[Start of Attachment]
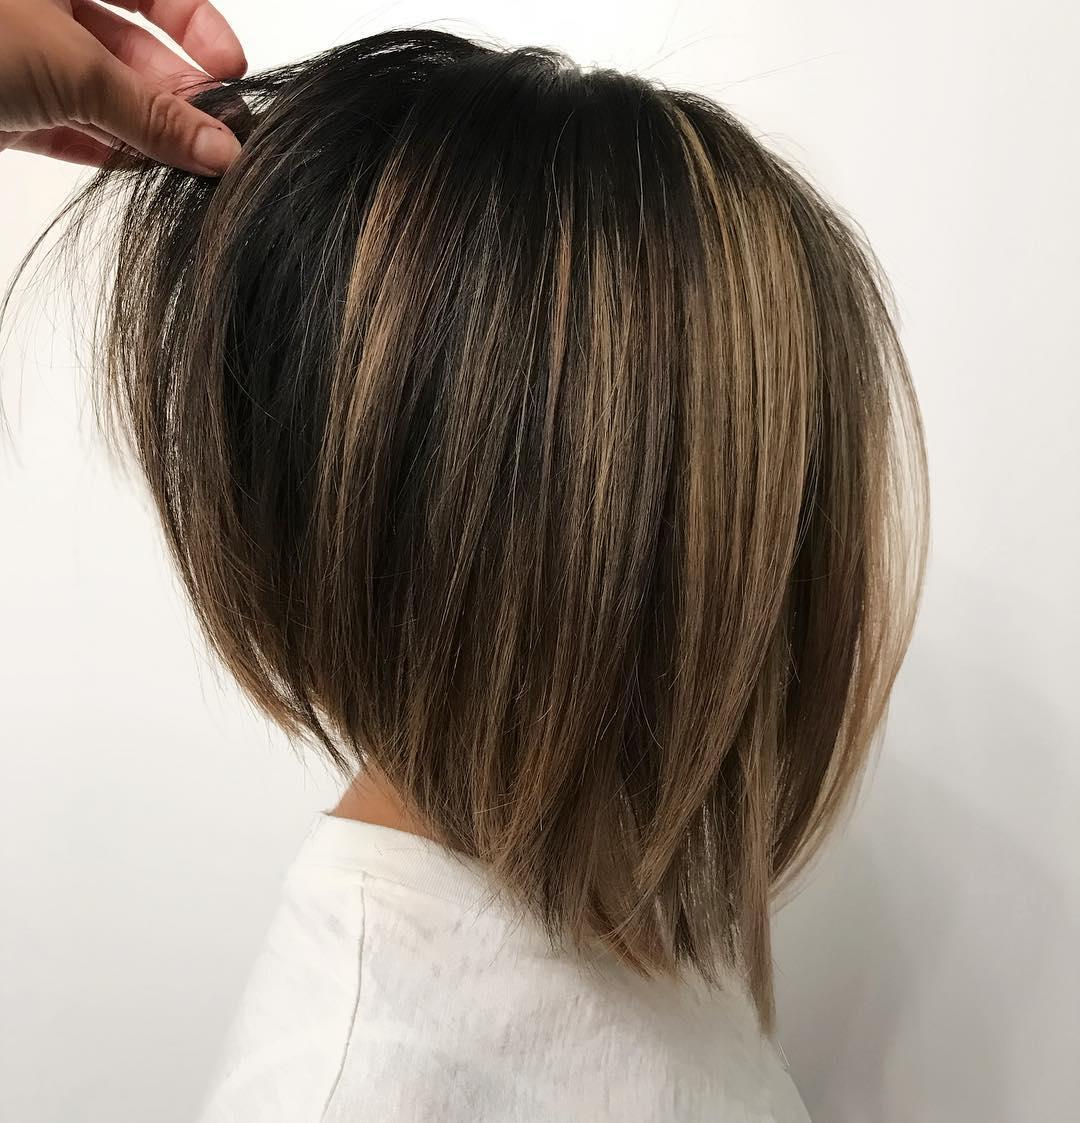 Укладка на короткие волосы с объемом фото 10
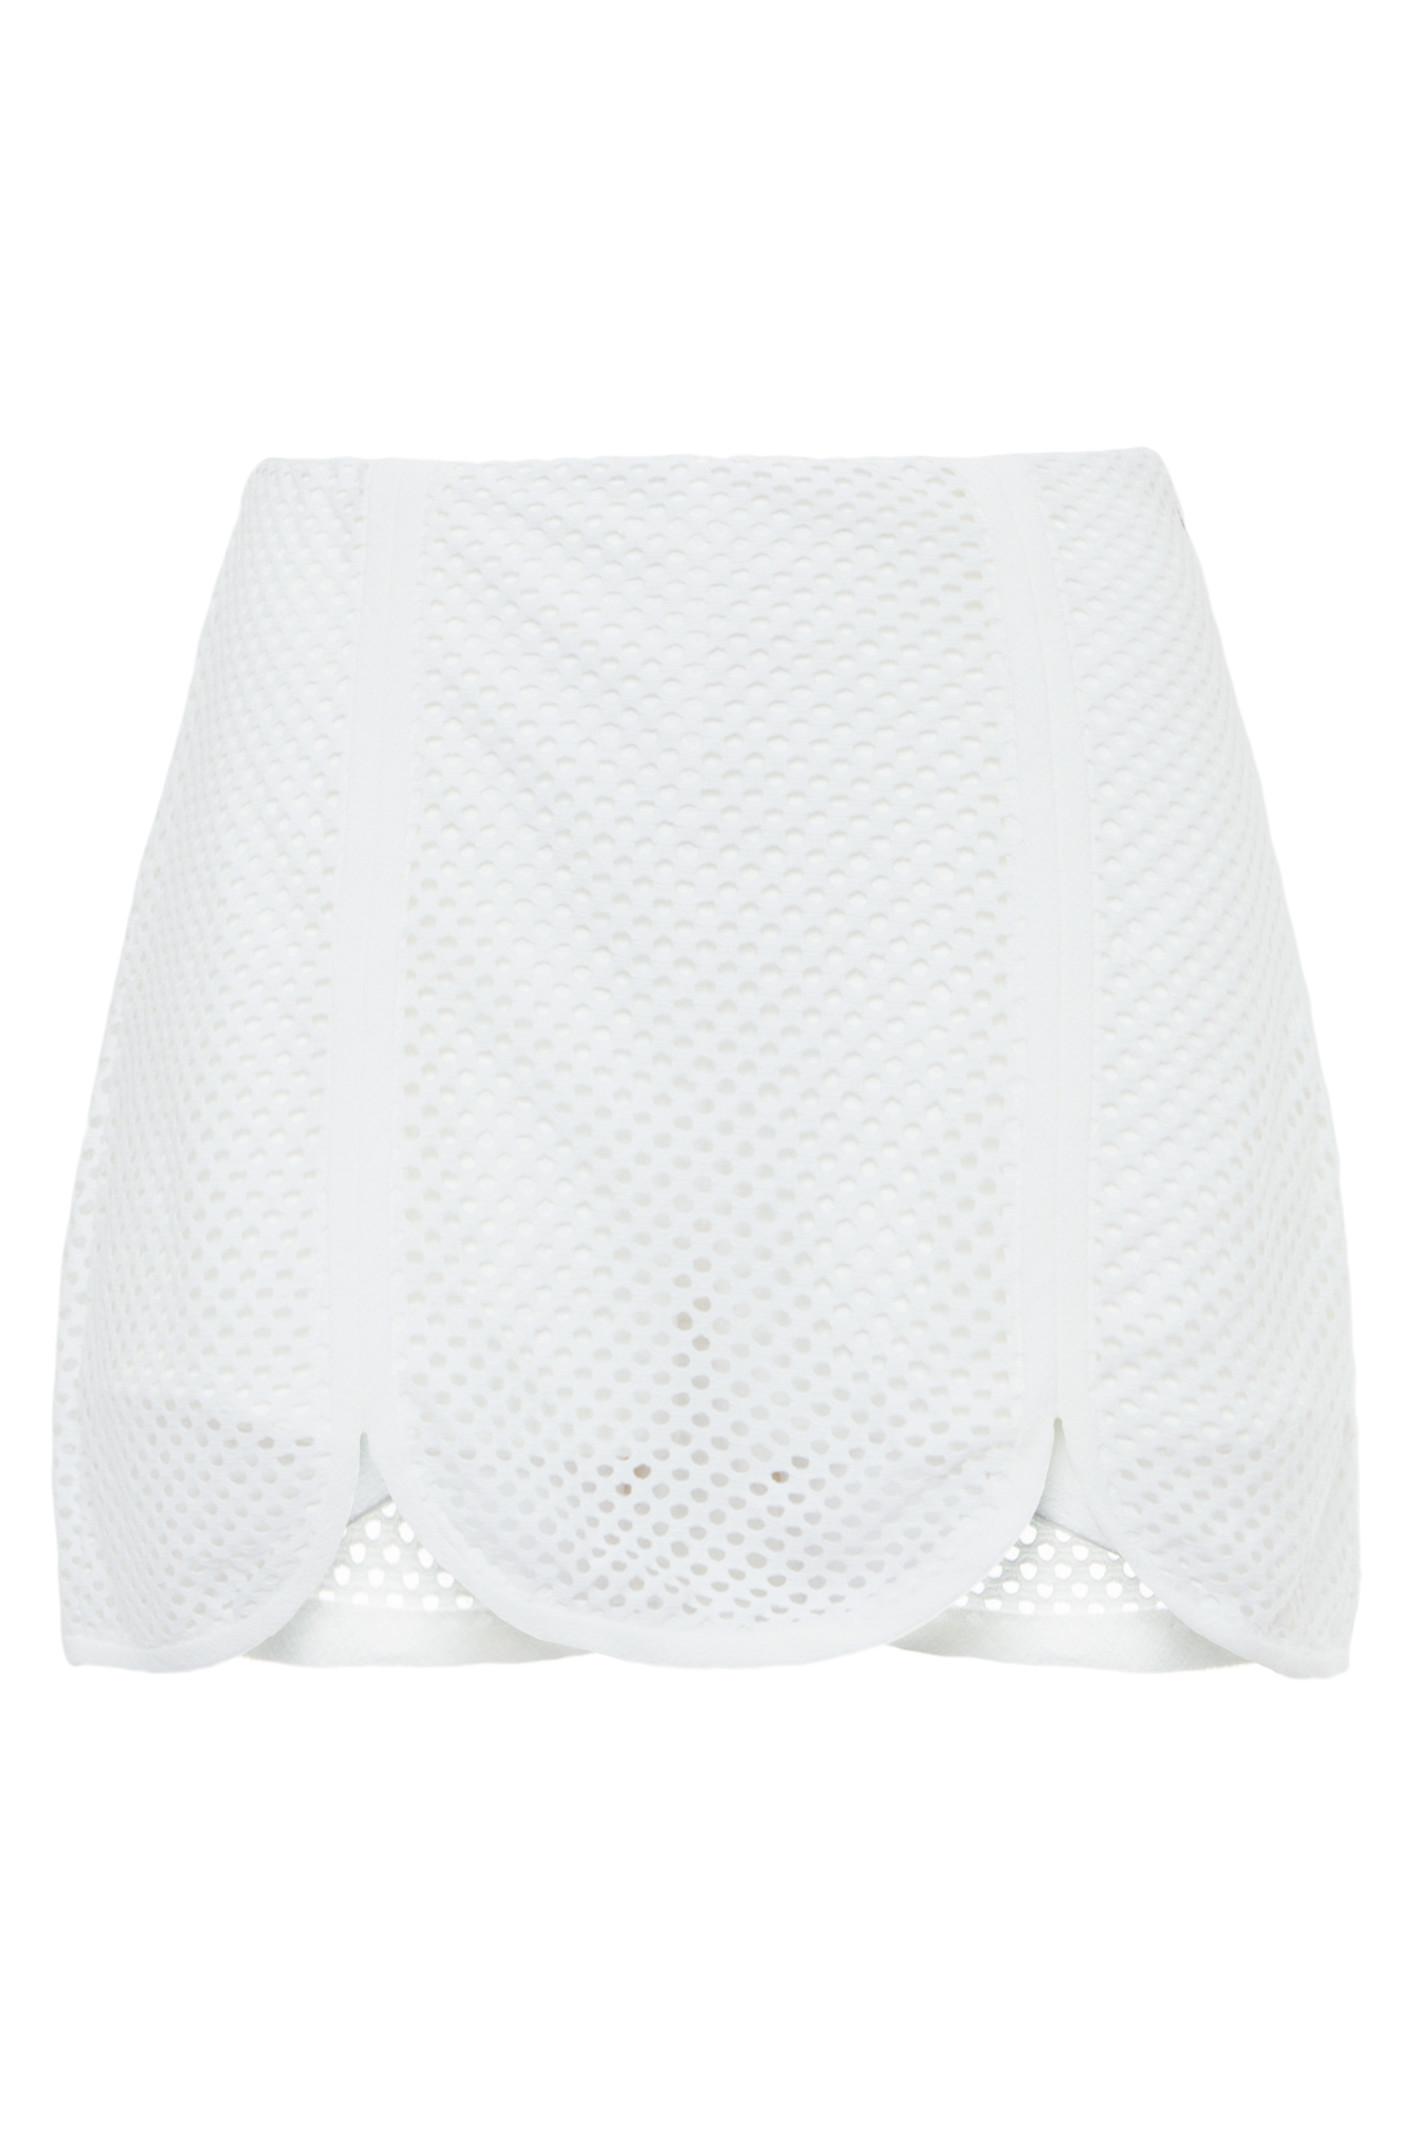 Short Saia Tela - Off White
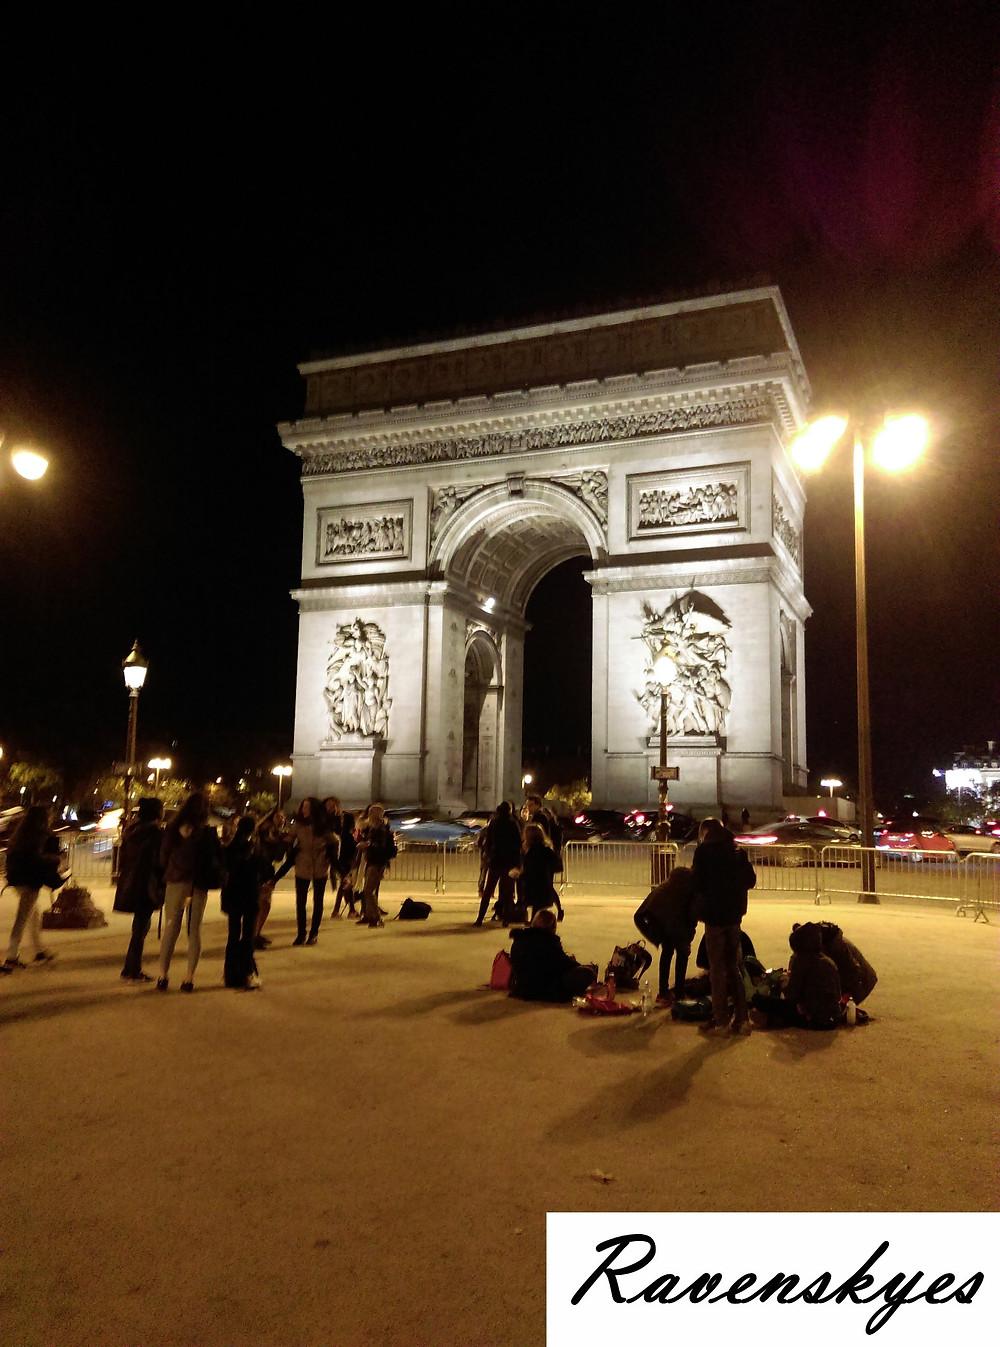 Arc de Triomphe in Paris. Large world famous monument. Ravenskyes
[End of Attachment]
Leaving the pictures out, copy exactly the lines from the line that contains "Short Saia Tela - Off White" to the last line of the data, both ends included.

 Short Saia Tela - Off White
 Arc de Triomphe in Paris. Large world famous monument. Ravenskyes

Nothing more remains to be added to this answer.